The big challenges for us is trying to link what we had in managed care in terms of some of the issues of continuity across systems in a very unorganized system like fee for service. Particularly when you get down to the issue of practitioner performance and physician groups and physicians has been an area where I think a big challenge is.

Then, the case I don't think is as clearly delineated, in terms of exactly where you go, how you go, and how you start developing this. The Balanced Budget Act of 1997 mandated that HICFA had to start doing a study to look at the application of HEDIS data in fee for service. We have got a project that is underway with the health economics research.

We are working with five large group practices across the United States to begin a process of looking at the feasibility of collecting HEDIS data both at the plan level, and we are also doing it at what we call a quasi-market level, and also some national work, using both survey data -- health outcome surveys is what we are using.
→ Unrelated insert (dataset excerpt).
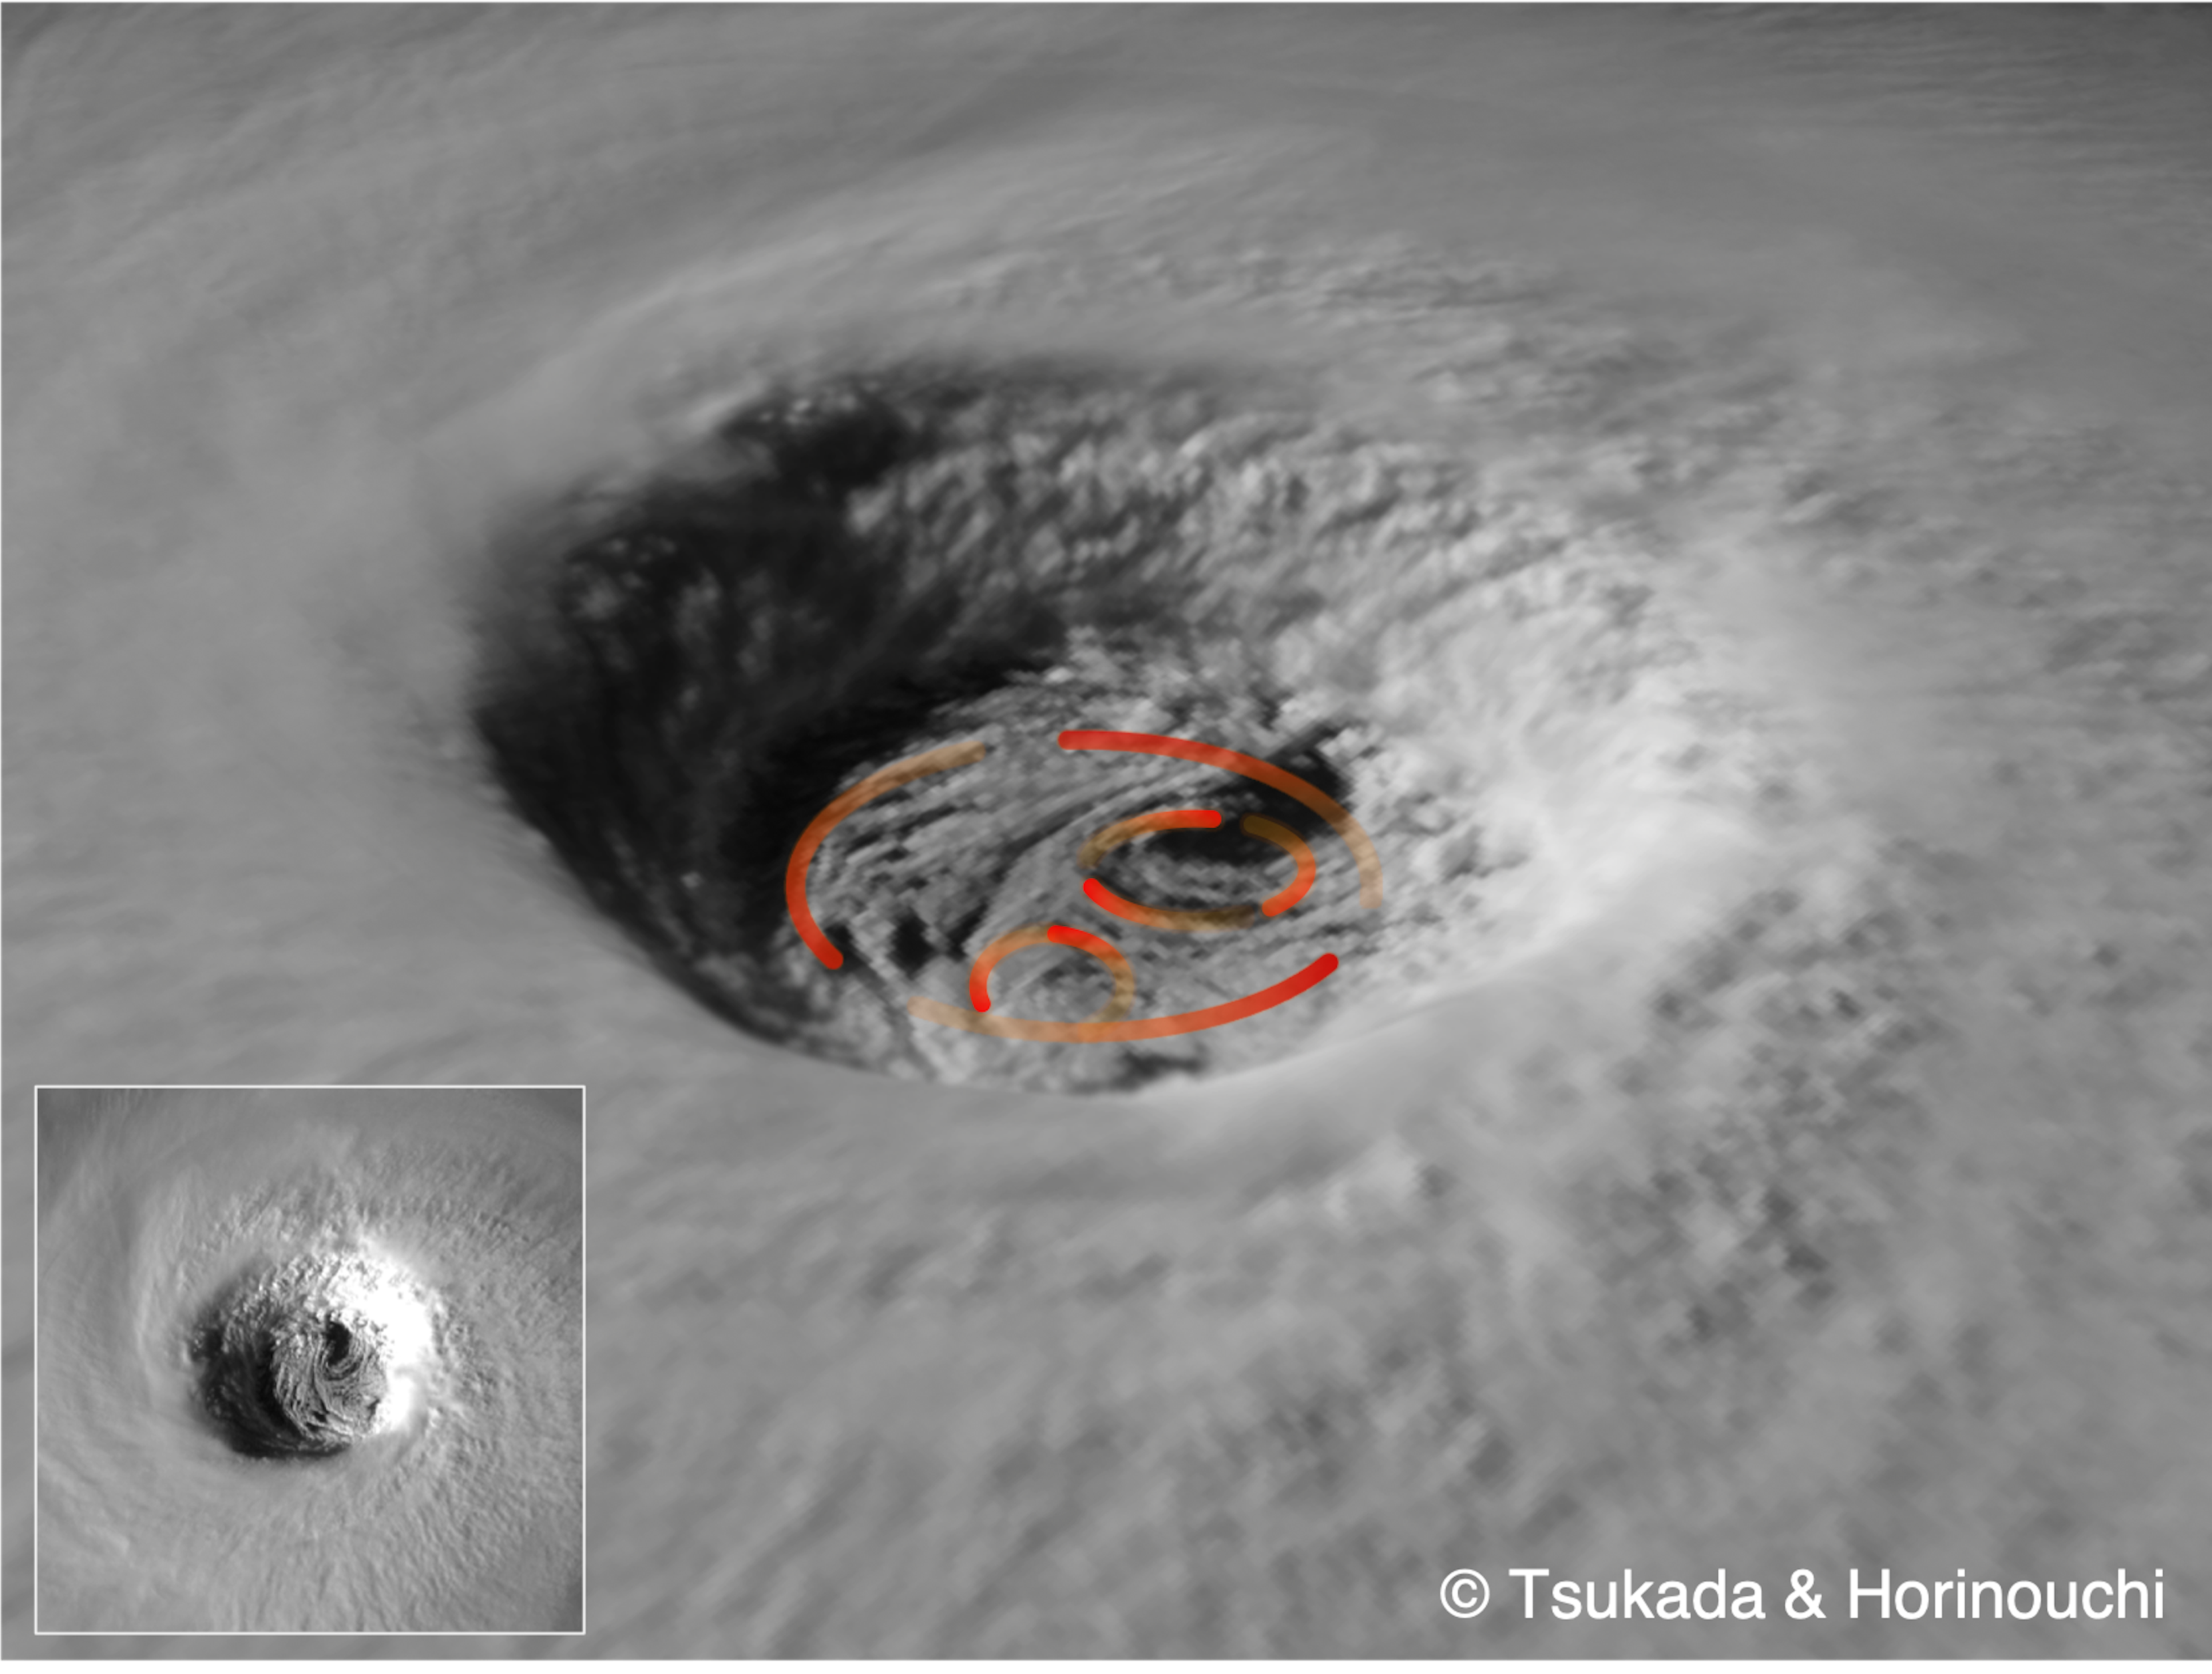 「台風の目」の風、宇宙から初めて観測 —北大開発の新手法(動画あり)

We are also using claims data. We've got all together five HEDIS measures that we are working with -- mammography, retinal eye exams, beta blockers and followup after mental health hospitalization, are the ones we picked to try to get at different elements of the problem.

I just wanted to talk about a couple of questions that I think are real vexing in this area for us. The study isn't going to be completed until 2001, but already we are seeing what some of the challenges are in trying to think about this market in data collection and in data quality.

One is, the appropriate units for recording for these measures need two payment systems, whether it should be state level, market level or some definition of provider. The problem we are having is the unit of recording. It is a real challenge here. To some extent, you can identify it as a denominator problem.

We are trying to focus this effort by looking at large group practices and seeing what that tells us about quality. We are also trying to do it at a little higher level in geographic areas that are akin to HMO market areas.

I think that this becomes a problem for clinical effectiveness measures where populations are very limited -- diabetics, congestive heart failure patients. We really run into some problems with numbers, even when we are working in large groups. Although I think our work is preliminary, I think we are going to have to start thinking about, as we move to lower levels in the system, what is the value of purchaser specific recording versus provider reporting, in terms of trying to look at some of these quality issues. Hopefully we can draw upon studies in the field that can tell us whether there are differential effects across these systems, but it is not always clear that there is. That is an area where we are trying to do some more, to see if that would help us build a database that allows them to move down a little lower, but still have some comfort that we are getting an accurate measure of quality that people can use.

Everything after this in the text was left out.